Charles Fiedler has been practicing corporate, securities, M&A, and general business law for over 30 years. He has extensive experience in mergers, acquisitions, and divestures, corporate reorganizations and conversions, debt and capital restructurings, corporate finance, complex loan transactions, venture capital transactions, corporate governance and securities law matters.
Mr. Fiedler is experienced in the reporting obligations of public companies under the Securities Act of 1934, and his practice regularly involves matters under the Securities Act of 1933, the Sarbanes-Oxley Act of 2002, and the California Corporate Securities Law of 1968.
Mr. Fiedler's clients include public and privately held corporations (under both California and Delaware corporate law), general and limited partnerships, limited liability companies, investors, shareholders, executives, boards of directors, and special board committees.
He regularly advises management, boards of directors and shareholder groups on complex business transactions, litigation, regulatory compliance, corporate governance matters, restructurings and avoiding liability.
He obtains permits for the issuance or exchange of securities from the California Commissioner of Corporations and conducts fairness hearings with the Commissioner to satisfy federal securities law exemptions.

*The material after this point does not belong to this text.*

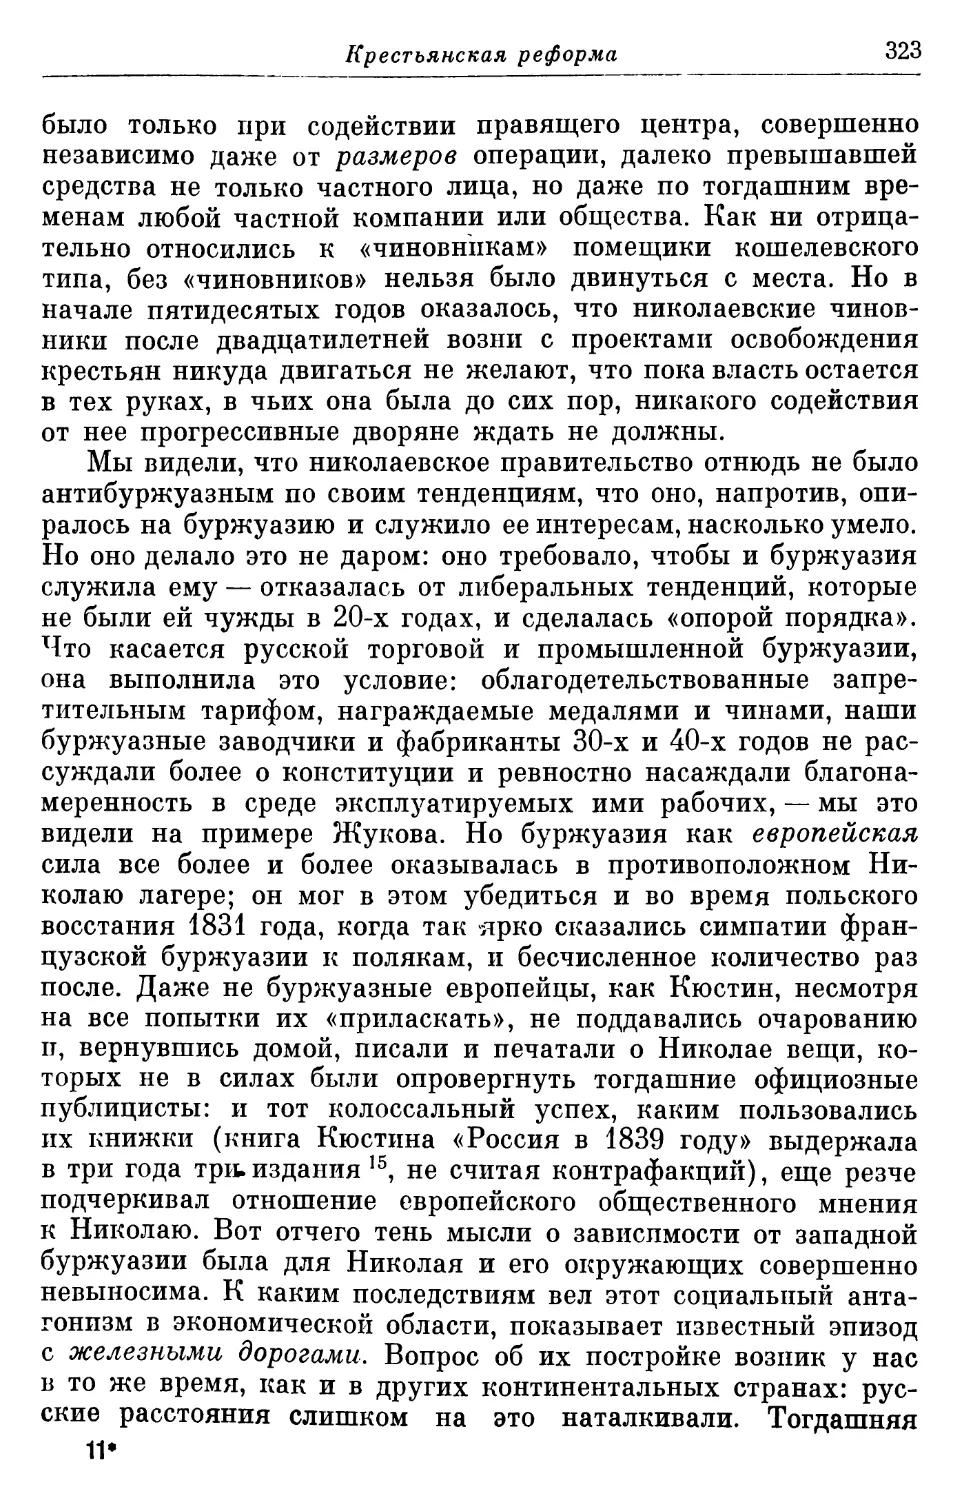 Позиция «знати»; русское правительство и европейская буржуазия; вопрос о железных дорогах; 1848 год и Крымская война

Mr. Fiedler also represents a variety of healthcare clients and is experienced in many aspects of healthcare law, including fraud and abuse and patient referral laws, provider organization and operation, HIPAA and managed healthcare. He advises HMOs, IPAs, PPOs, MSOs, medical groups, and other managed care companies on corporate, business and healthcare law matters.
Mr. Fiedler also represents non-profit organizations and is well versed in California corporate law applicable to all three types of non-profit corporations. He is familiar with the Nonprofit Integrity Act of 2004.
For the first 15 years of his career, Mr. Fiedler served as in-house general counsel for several public companies, and he has continued to act as outside general counsel to both publicly-held and privately owned corporations in several different industries.
He helps start-up, emerging and middle market companies on corporate and business matters, including development of services agreements, product sales and distribution agreements, employment agreements, policies and procedures, invention assignment agreements, and other routine business forms and contracts, and advises them concerning choice of entity, personnel issues, new product development, acquisition and protection, product or service line acquisition and divestiture, and exit strategies for the owner(s) of the business.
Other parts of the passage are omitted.